(Dataset records)

========

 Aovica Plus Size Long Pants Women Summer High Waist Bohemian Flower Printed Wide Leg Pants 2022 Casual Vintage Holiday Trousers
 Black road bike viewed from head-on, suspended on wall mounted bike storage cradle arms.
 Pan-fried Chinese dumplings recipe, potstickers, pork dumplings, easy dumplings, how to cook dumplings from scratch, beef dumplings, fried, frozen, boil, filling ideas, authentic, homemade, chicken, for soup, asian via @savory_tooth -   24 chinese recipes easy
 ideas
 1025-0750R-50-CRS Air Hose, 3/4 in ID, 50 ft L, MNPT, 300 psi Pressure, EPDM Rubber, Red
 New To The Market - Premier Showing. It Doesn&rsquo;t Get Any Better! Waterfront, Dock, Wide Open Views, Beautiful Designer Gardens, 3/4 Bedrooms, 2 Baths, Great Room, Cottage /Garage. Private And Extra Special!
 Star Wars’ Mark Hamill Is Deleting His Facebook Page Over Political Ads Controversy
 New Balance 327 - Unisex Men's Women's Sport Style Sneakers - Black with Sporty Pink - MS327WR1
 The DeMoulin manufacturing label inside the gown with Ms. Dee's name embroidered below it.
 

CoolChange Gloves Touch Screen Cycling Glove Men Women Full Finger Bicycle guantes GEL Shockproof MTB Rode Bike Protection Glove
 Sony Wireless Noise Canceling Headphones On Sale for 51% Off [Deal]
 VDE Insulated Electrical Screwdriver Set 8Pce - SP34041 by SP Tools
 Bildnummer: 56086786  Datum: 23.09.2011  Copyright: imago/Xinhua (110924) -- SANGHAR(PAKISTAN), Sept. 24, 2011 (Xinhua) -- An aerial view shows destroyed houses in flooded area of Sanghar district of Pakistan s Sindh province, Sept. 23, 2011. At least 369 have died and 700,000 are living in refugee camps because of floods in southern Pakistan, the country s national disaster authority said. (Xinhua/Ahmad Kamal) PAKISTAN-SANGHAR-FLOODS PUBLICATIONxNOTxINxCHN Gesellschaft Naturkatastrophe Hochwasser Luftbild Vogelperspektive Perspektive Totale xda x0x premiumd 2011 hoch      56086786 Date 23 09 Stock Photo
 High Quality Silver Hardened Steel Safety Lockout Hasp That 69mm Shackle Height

========

The task: Write out, word for word, every line from the one containing "Sony Wireless Noise" through the last line of the records above.

Response to the task:
 Sony Wireless Noise Canceling Headphones On Sale for 51% Off [Deal]
 VDE Insulated Electrical Screwdriver Set 8Pce - SP34041 by SP Tools
 Bildnummer: 56086786  Datum: 23.09.2011  Copyright: imago/Xinhua (110924) -- SANGHAR(PAKISTAN), Sept. 24, 2011 (Xinhua) -- An aerial view shows destroyed houses in flooded area of Sanghar district of Pakistan s Sindh province, Sept. 23, 2011. At least 369 have died and 700,000 are living in refugee camps because of floods in southern Pakistan, the country s national disaster authority said. (Xinhua/Ahmad Kamal) PAKISTAN-SANGHAR-FLOODS PUBLICATIONxNOTxINxCHN Gesellschaft Naturkatastrophe Hochwasser Luftbild Vogelperspektive Perspektive Totale xda x0x premiumd 2011 hoch      56086786 Date 23 09 Stock Photo
 High Quality Silver Hardened Steel Safety Lockout Hasp That 69mm Shackle Height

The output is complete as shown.